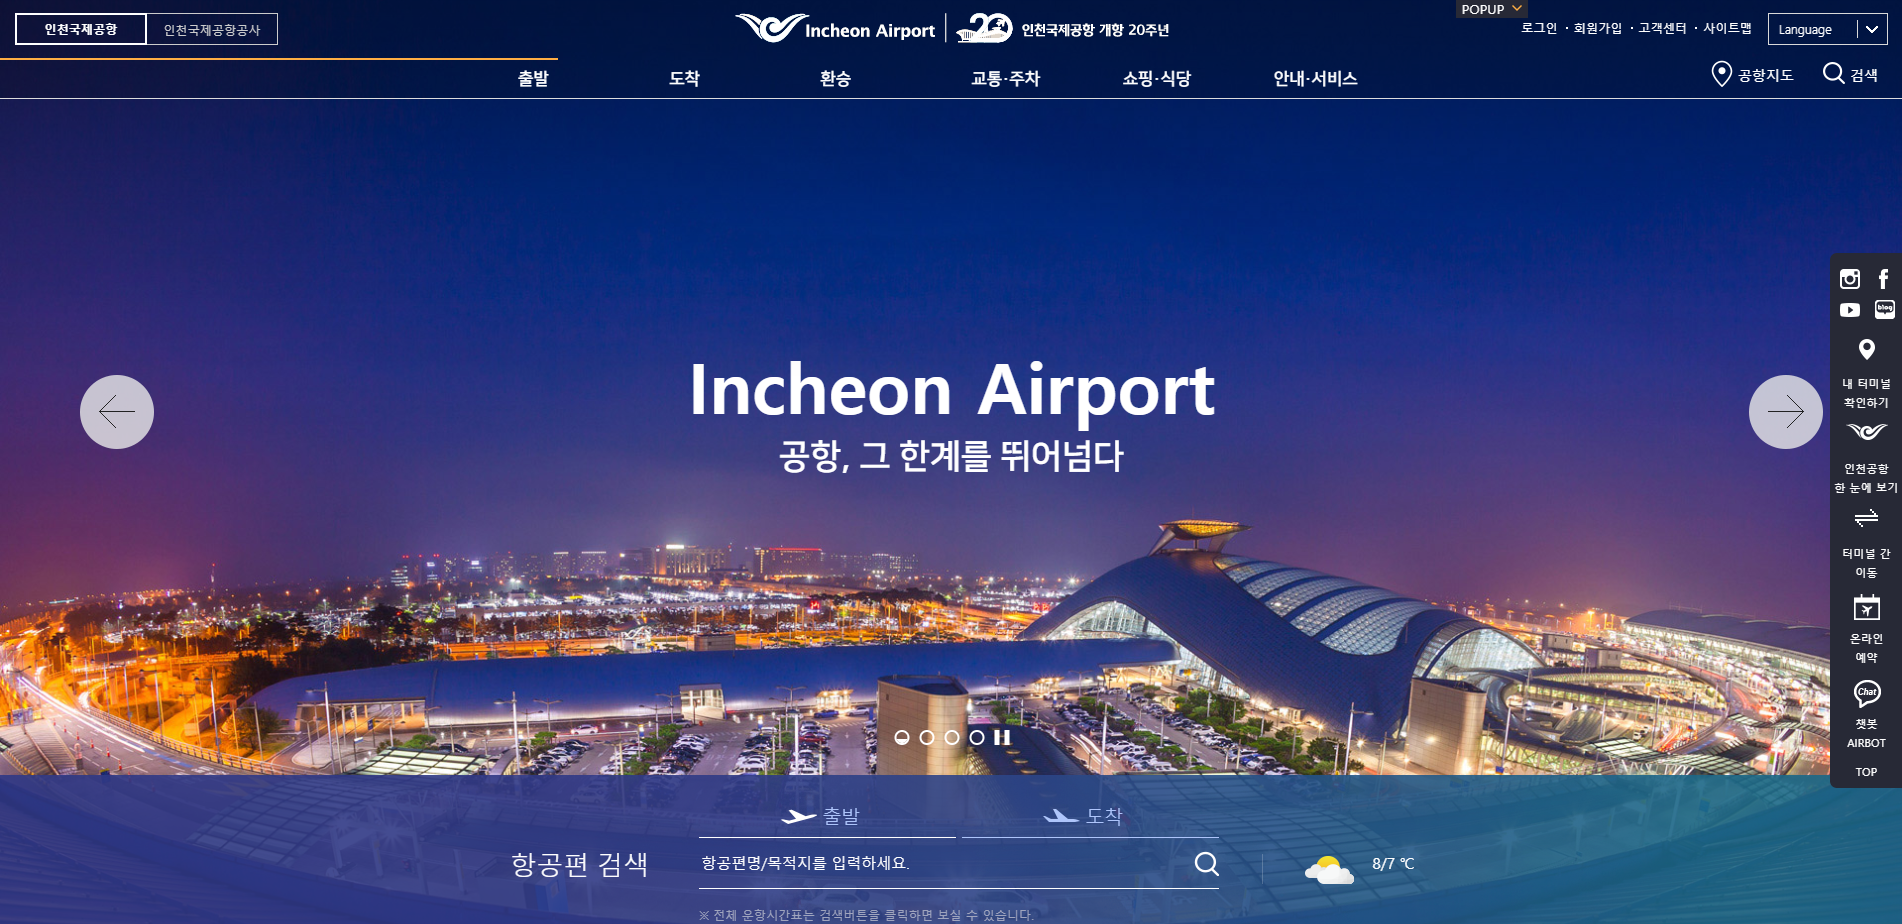 인천국제공항 홈페이지 스크릿샷
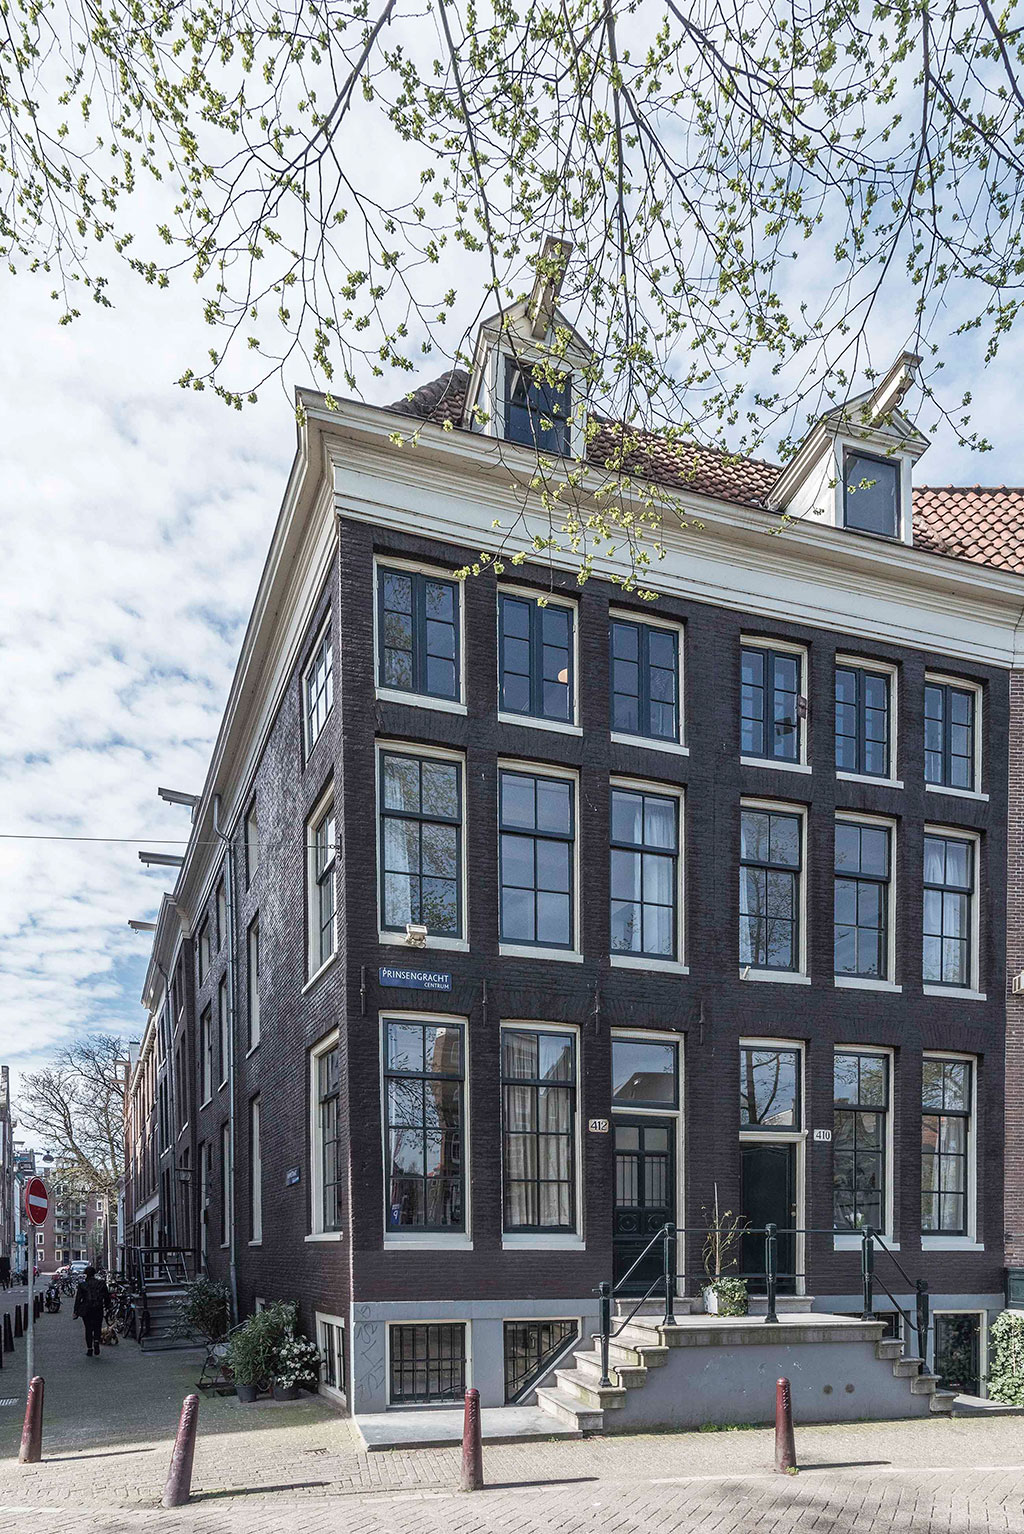 Diseño casas holandesas
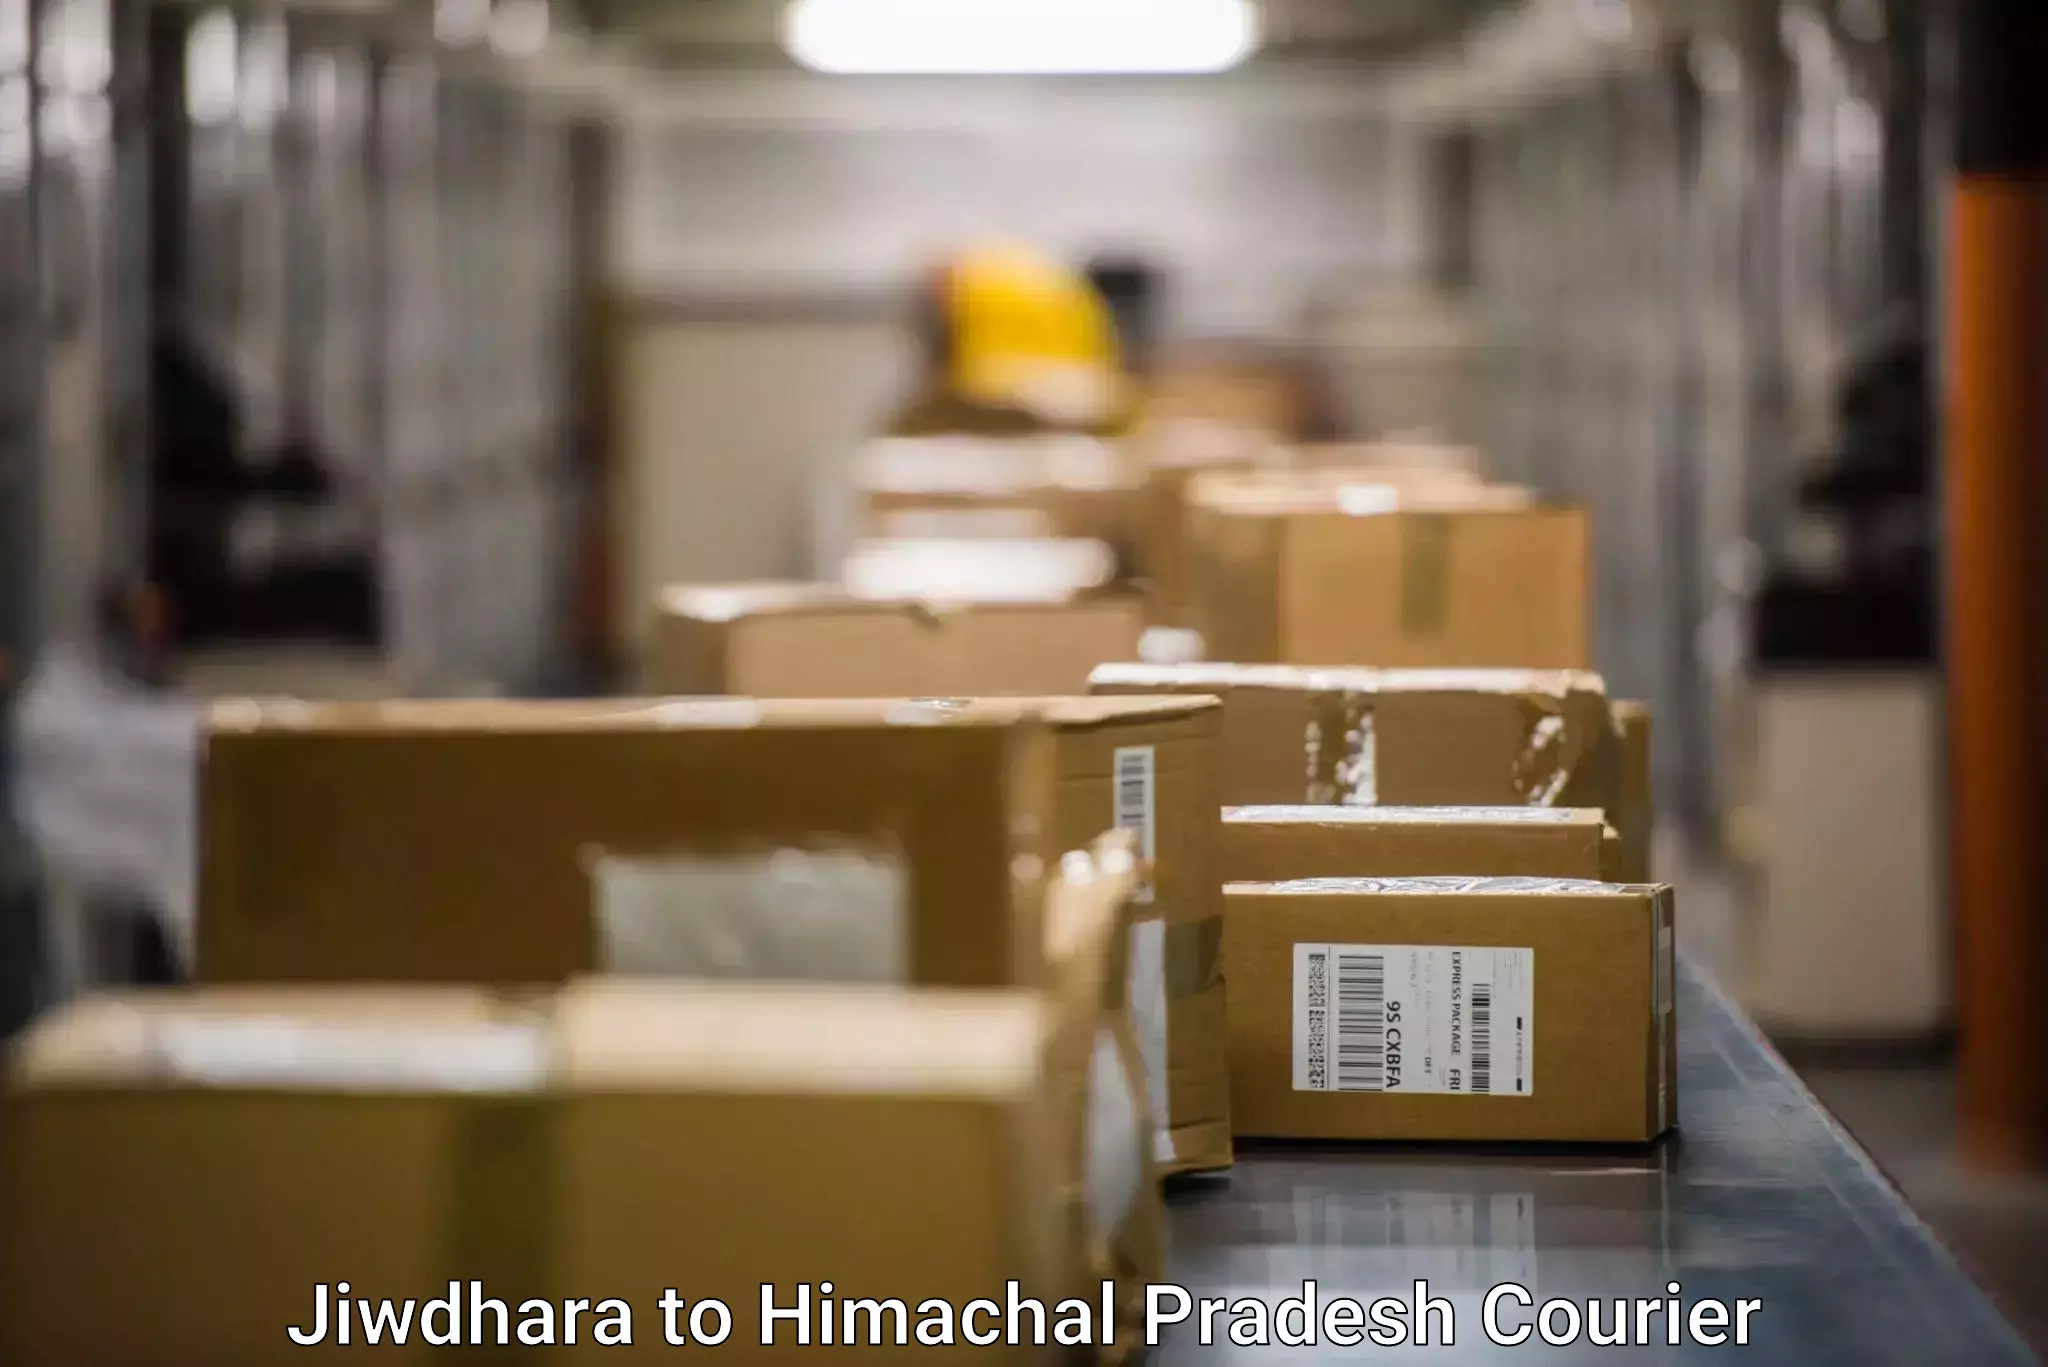 Seamless shipping service Jiwdhara to IIIT Una
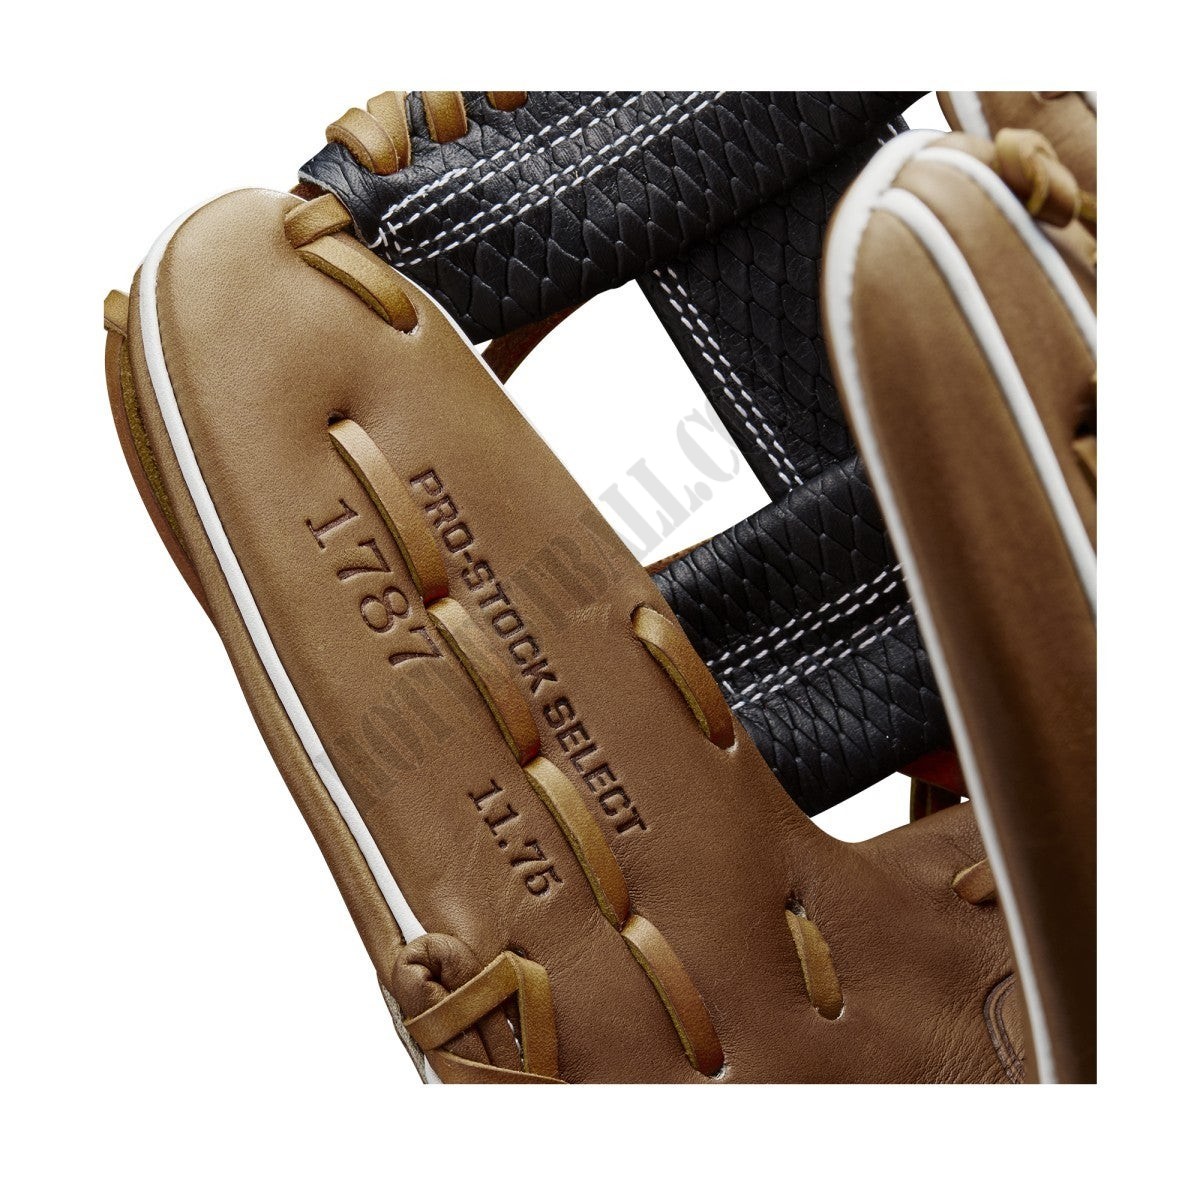 2021 A2K 1787 11.75" Infield Baseball Glove ● Wilson Promotions - -7

-=-=-=-=-

▶ Task instructions:
Minus its pictures, the full listing should be copied verbatim.

▶ Task answer:
 인천국제공항 홈페이지 스크릿샷
 Diseño casas holandesas
 Seamless shipping service Jiwdhara to IIIT Una
 2021 A2K 1787 11.75" Infield Baseball Glove ● Wilson Promotions - -7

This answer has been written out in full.